The frameworks of MOFs/POFs typically feature modifiable functional groups (hydroxyl, amino, halogen, etc.) or introduce long-chain organic segments and specific functional groups onto their surfaces through modification. This characteristic enables researchers to design lubrication additives with enhanced compatibility and targeted functionality for diverse lubrication environments, friction pair materials, and specific operating conditions. Such additives can both strengthen interfacial bonding to form stable physical adsorption or chemical reaction films and reduce interlayer interactions to facilitate interfacial sliding. The presence of flexible deformation and defects to some extent [26] also contributes to lowering the interlayer slip barrier or serves as functional sites for further structural regulation.

In recent studies, the porous framework and its internal pore structure have also positioned it as a “smart container,” offering abundant opportunities for loading small molecules, organic polymers, or inorganic nano-scale objects [44,49,55]. In lubrication systems, this capability can be leveraged to store lubricant or additive molecules, providing self-lubricating properties at interfaces. Additionally, by controlling pore size and specific surface area, the local structure of the lubricating film at interfaces can be influenced. This approach provides a material foundation for achieving low-friction lubrication. The typical structures of MOFs and POFs are shown in Figure 2.

Figure 2. Schematic diagram of the structure of MOFs/POFs. Reproduced with permission from Refs. [20,24,25,35,44,46,53,56,57,58,59,60].

3. MOFs/POFs in Oil-Based Lubrication Systems

Oil-based lubrication systems represent the most widely applied and formulaically mature category in engineering friction pairs. Consequently, they constitute the earliest validated and most systematically researched primary direction for MOFs/POFs entering the field of tribology. Recent research has gradually shifted focus from treating porous framework materials as solid particles to exploring how, under low-polarity oil phases and complex additives, these materials can stably enter contact zones and induce the formation of load-bearing, slip-capable, and self-renewing boundary lubrication films. In this process, the material’s dimensional morphology, surface chemical modification, and composite methods collectively determine the upper limit of its anti-friction and anti-wear performance, as well as the key gap that still exists between it and the superlubricity threshold.

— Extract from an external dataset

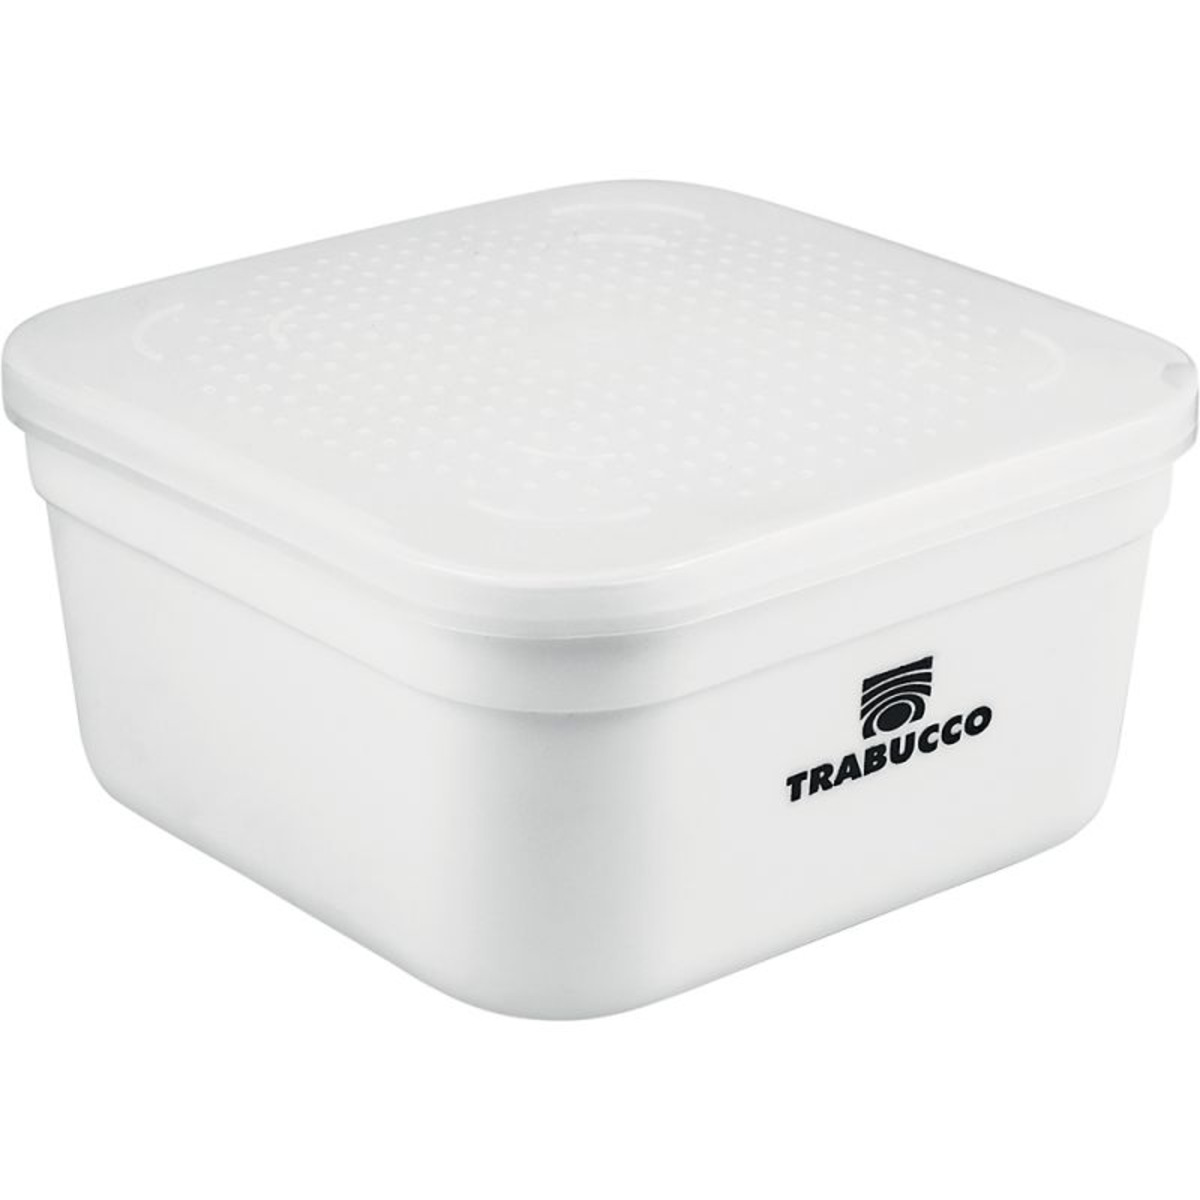 Trabucco Bait Box White - 1000 g

3.1. Lubricating Properties of MOFs/POFs in Oil-Based Lubrication Systems

Early explorations of oil-based lubrication systems predominantly treated MOFs as morphologically controllable solid particles, with research methodologies largely following the classical nanoparticle-additive approach. This stems from the particle-dominated third-body-bearing and pit-filling repair mechanisms being among the more readily achievable pathways to favorable tribological performance in oil phases. Particulate MOFs, exemplified by ZIF-8, can synergistically leverage both nano-scale and micron-scale particles in base oils. Specifically, nanoparticles preferentially fill roughness peaks and valleys while sharing localized loads, while micron-sized particles provide rolling and support functions. This approach reduces the friction coefficient by approximately 63.33% compared to the base oil alone [21]. Similarly, MOFs coupled with clay minerals or surfactant shells can jointly exert third-body load-carrying effects, often enhancing load-carrying and wear suppression at lower addition levels [28,29]. Hongxiang Yu et al. compared the influence of different metal nodes and framework structures on friction coefficients and wear volumes, concluding that MOFs contributions depend not only on solid particle morphology but also closely correlate with surface chemistry and structural stability [61]. Relying solely on third-body particle effects typically favors wear resistance rather than effectively reducing the friction coefficient.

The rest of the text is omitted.